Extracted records
···
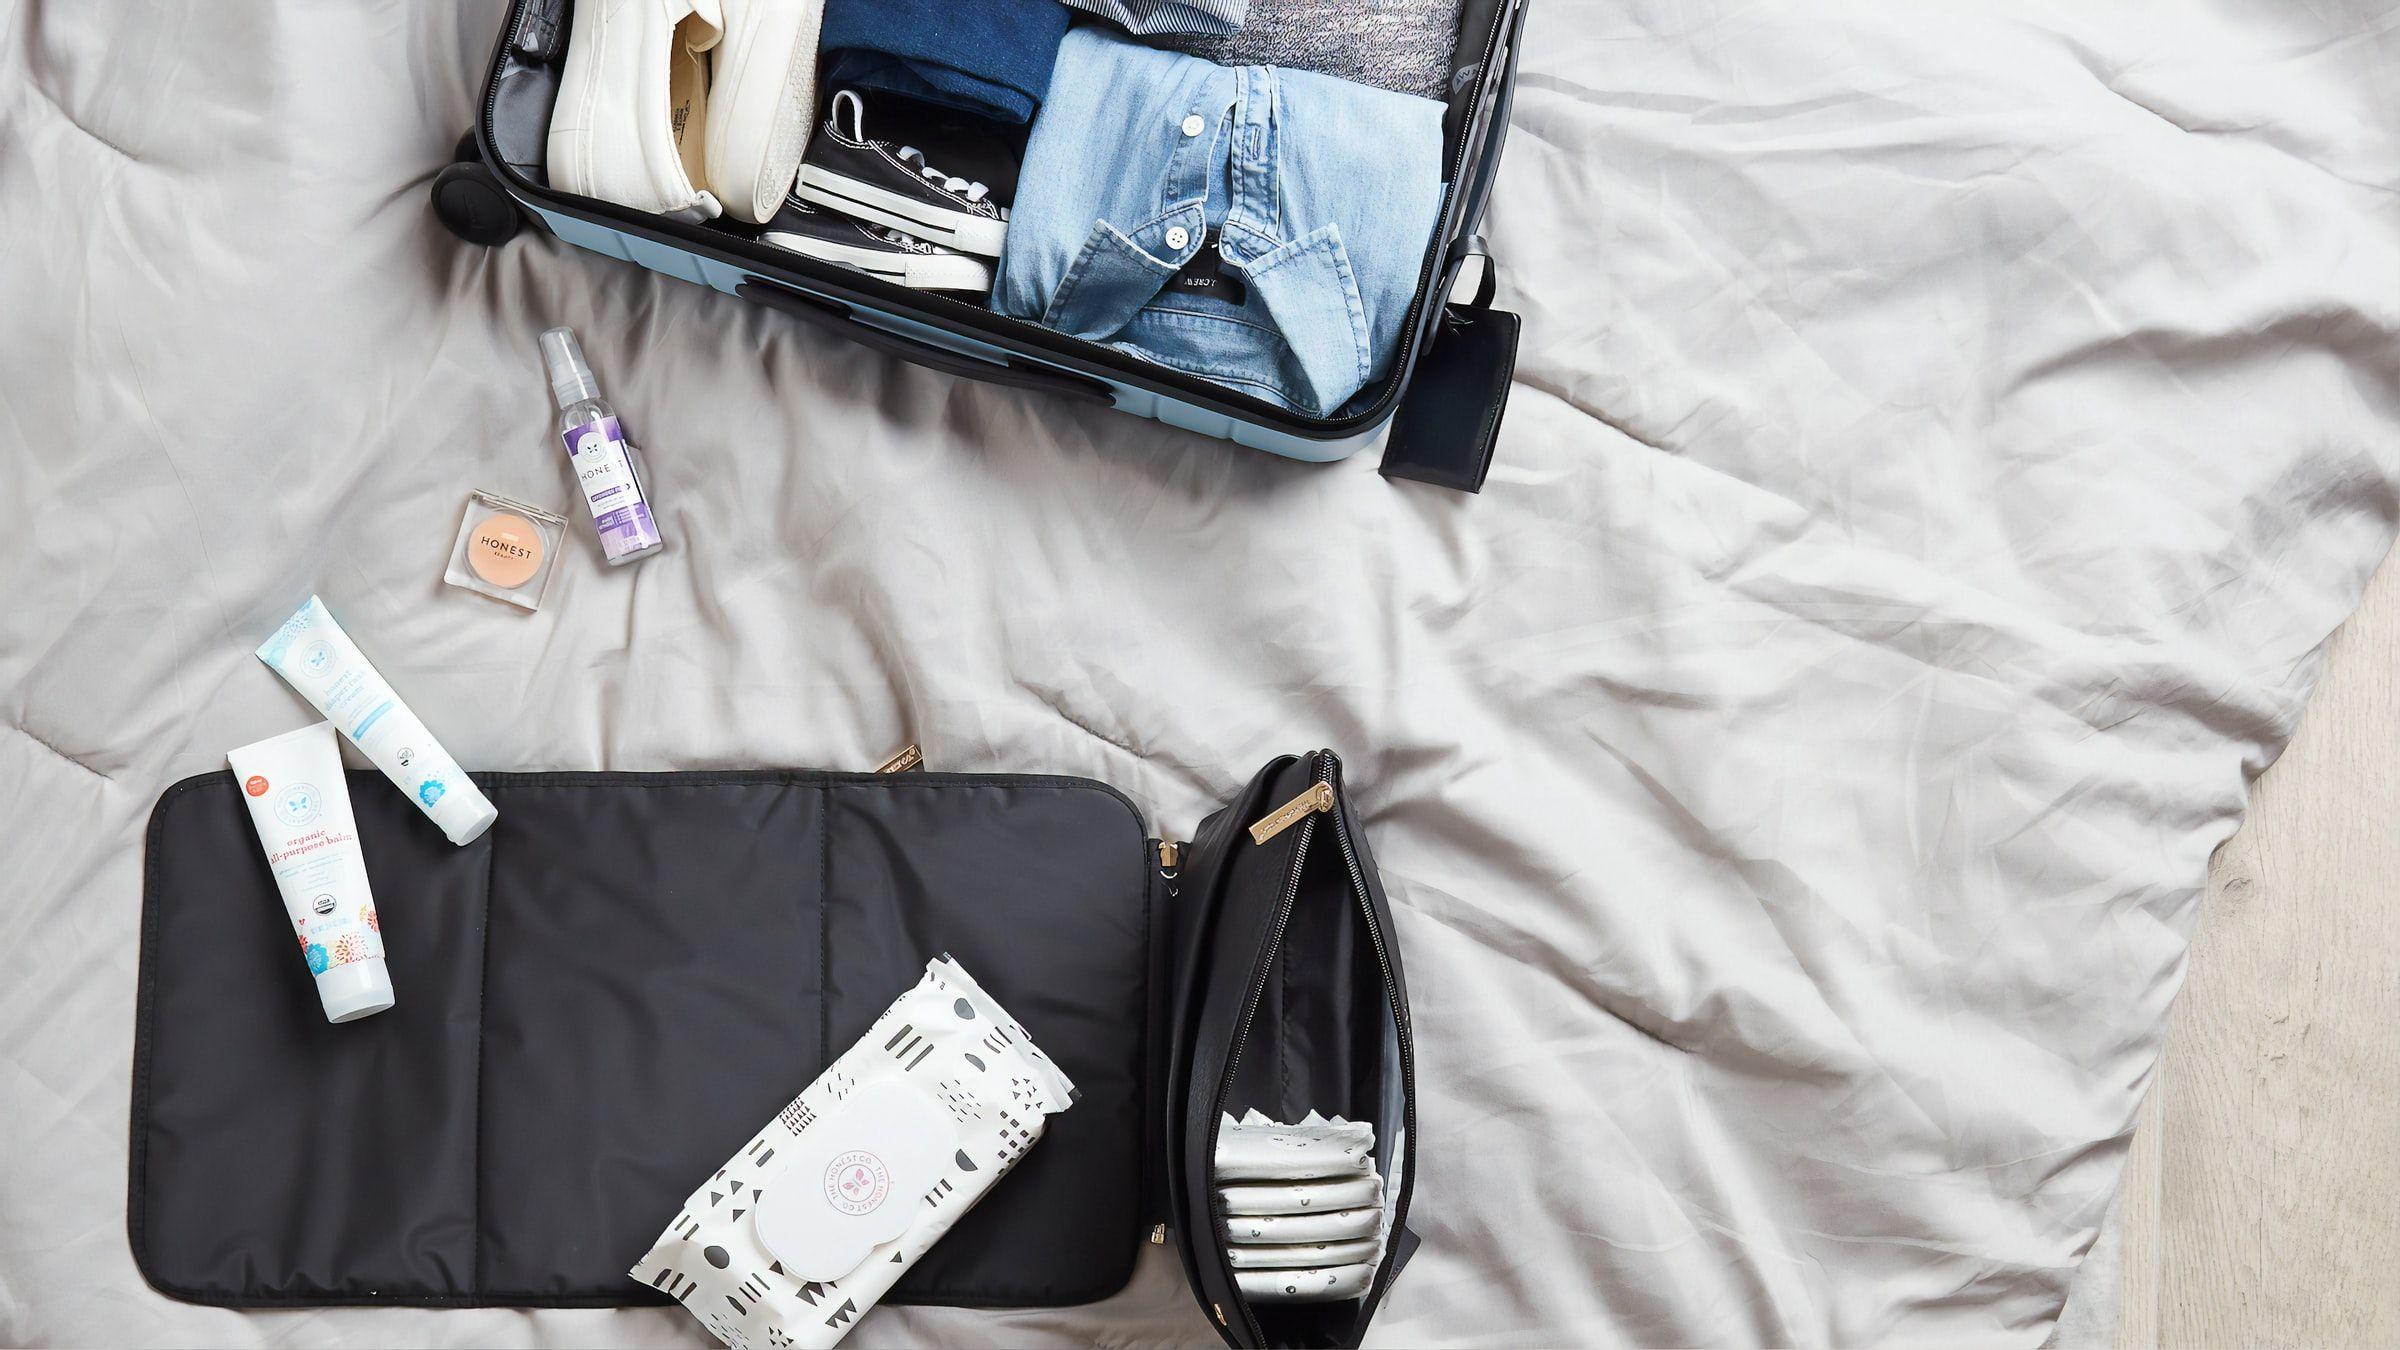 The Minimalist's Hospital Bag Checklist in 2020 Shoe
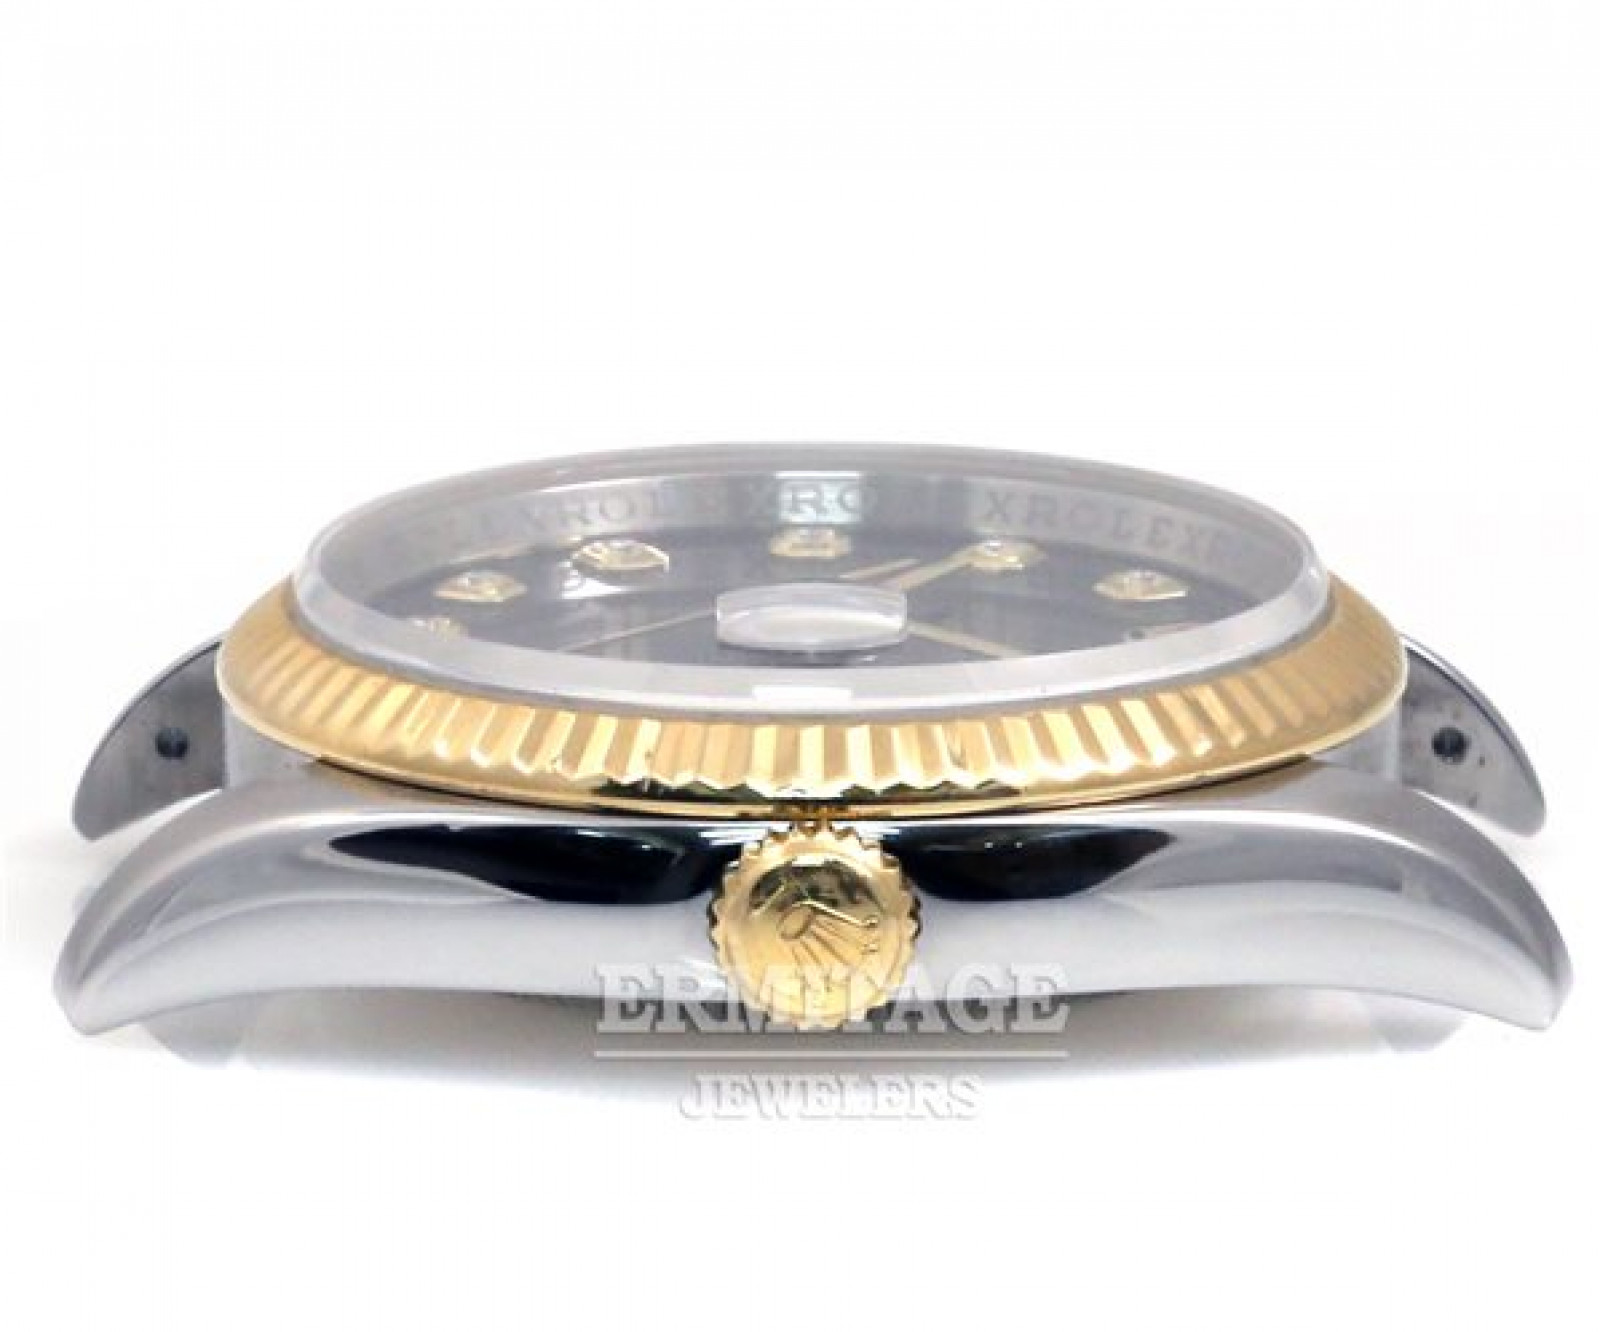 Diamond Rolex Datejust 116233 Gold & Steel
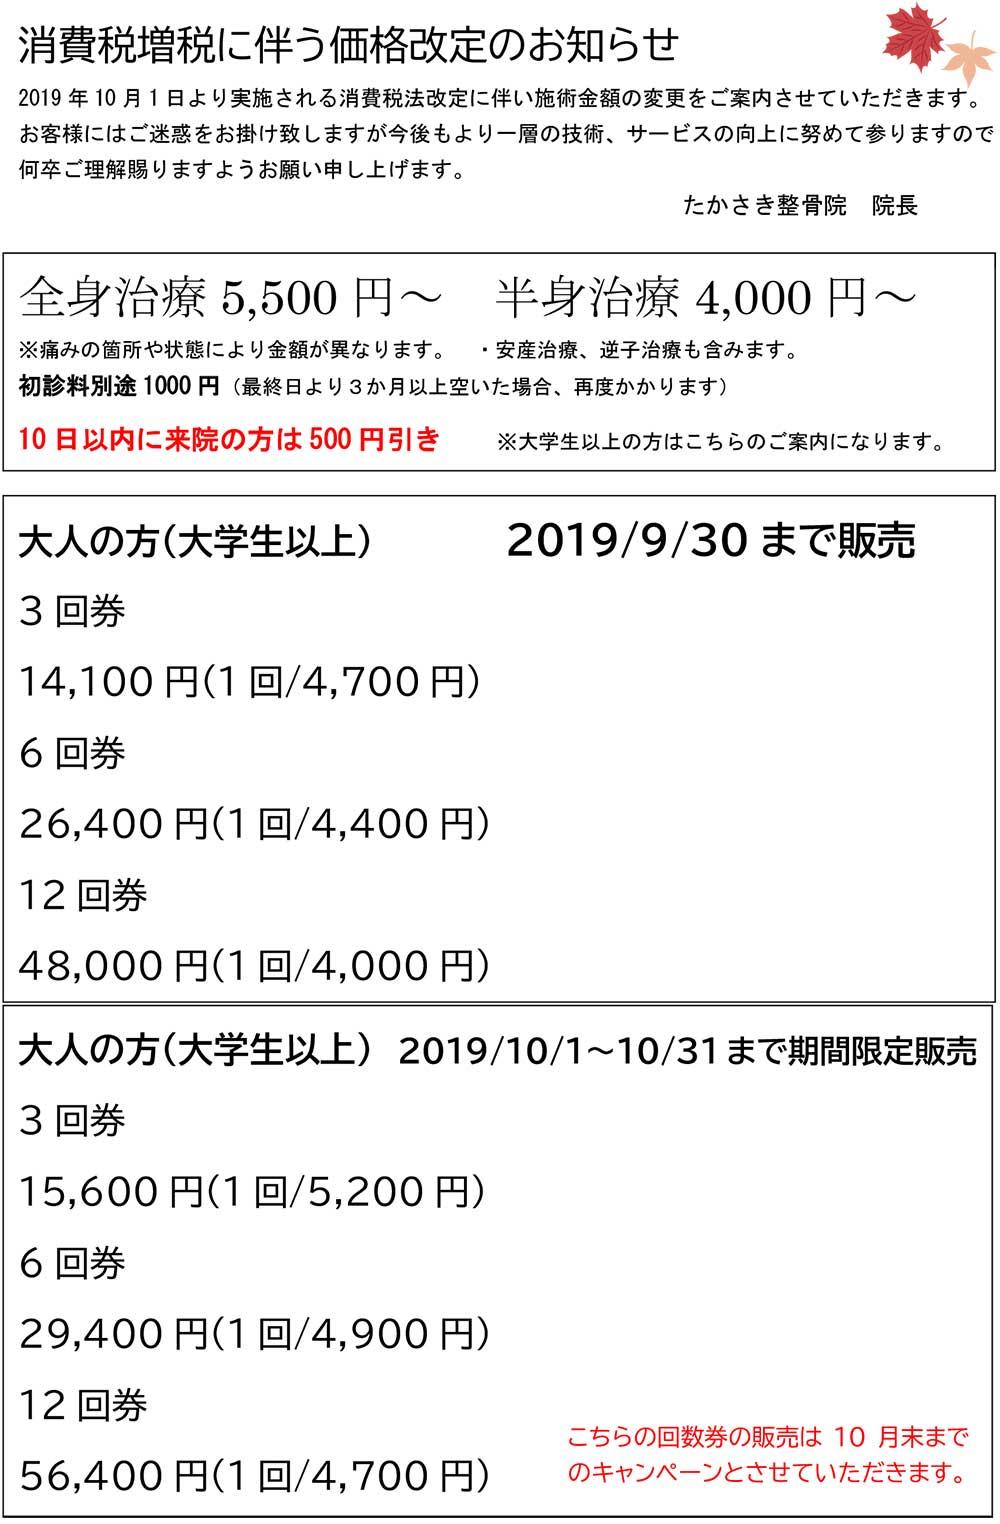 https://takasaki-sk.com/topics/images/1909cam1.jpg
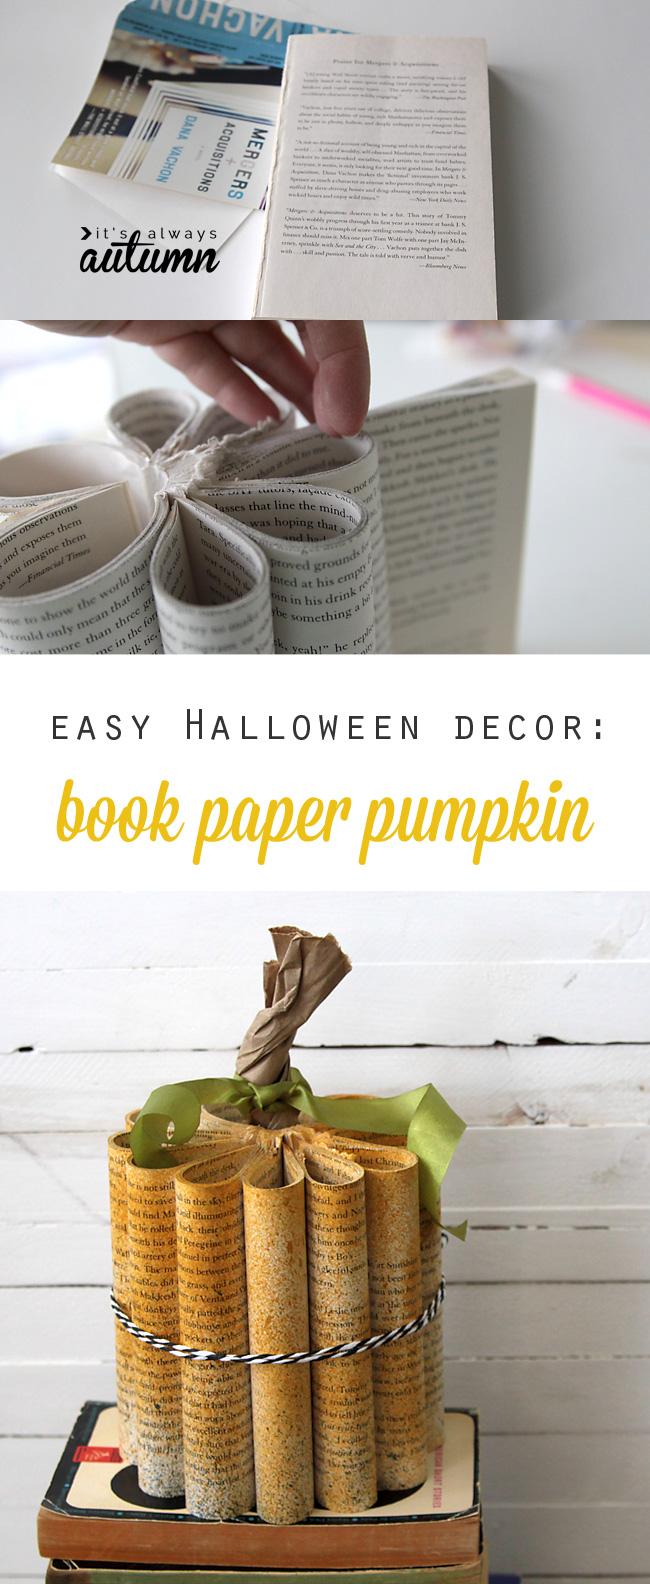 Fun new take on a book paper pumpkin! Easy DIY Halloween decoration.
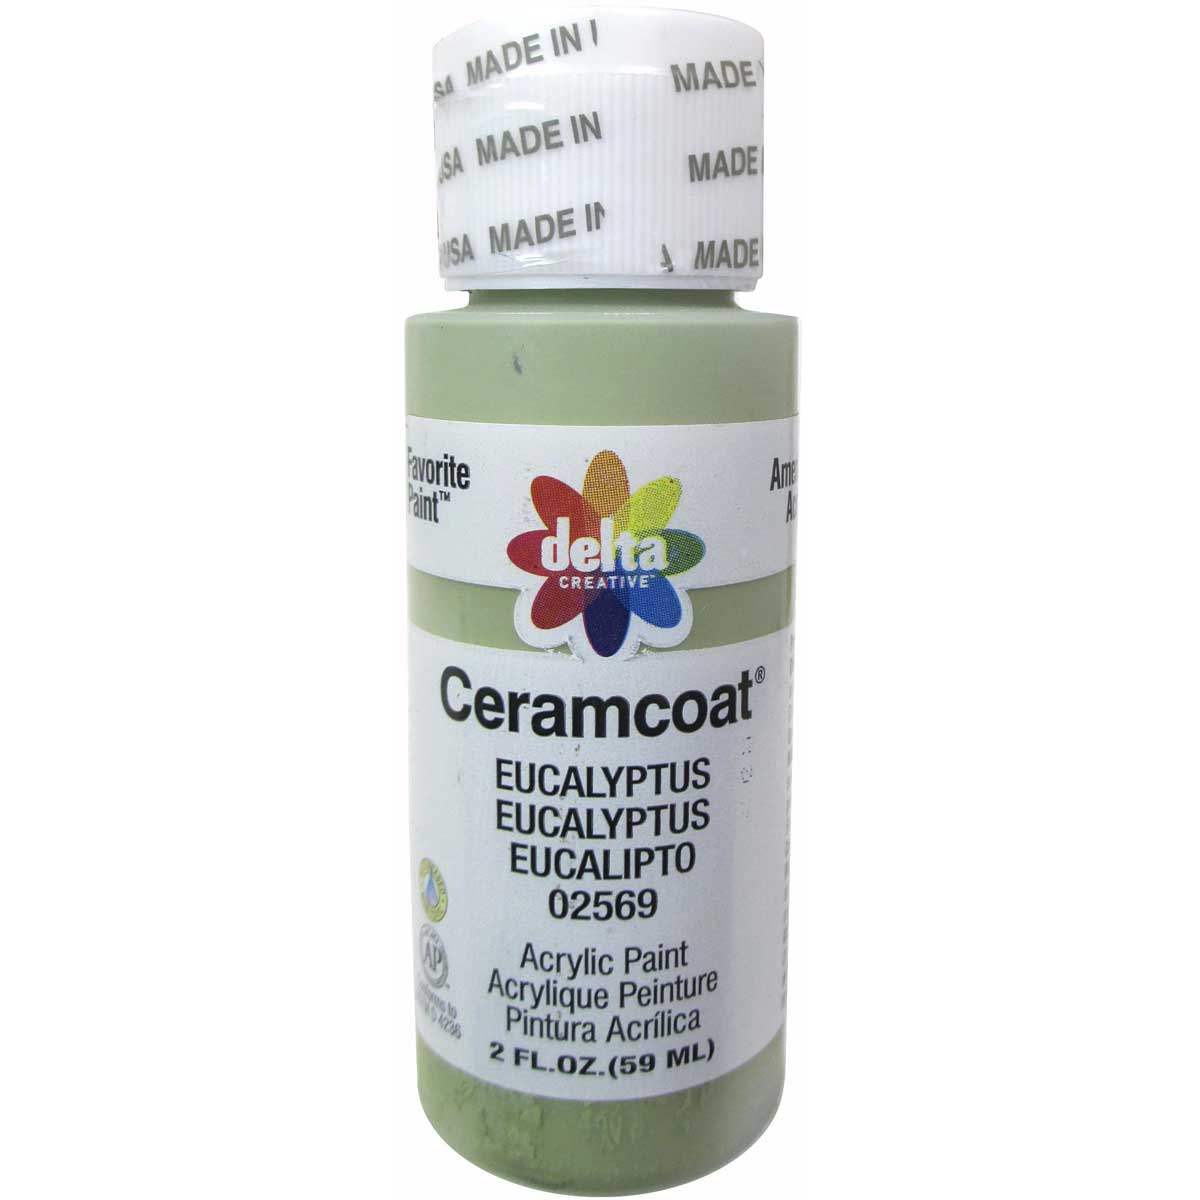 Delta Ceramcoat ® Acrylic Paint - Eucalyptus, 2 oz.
···
▶ **Work task**
Please repeat each record above precisely, with the pictures left out.

▶ **Solution to the problem**
 The Minimalist's Hospital Bag Checklist in 2020 Shoe
 Diamond Rolex Datejust 116233 Gold & Steel
 https://takasaki-sk.com/topics/images/1909cam1.jpg
 Fun new take on a book paper pumpkin! Easy DIY Halloween decoration.
 Delta Ceramcoat ® Acrylic Paint - Eucalyptus, 2 oz.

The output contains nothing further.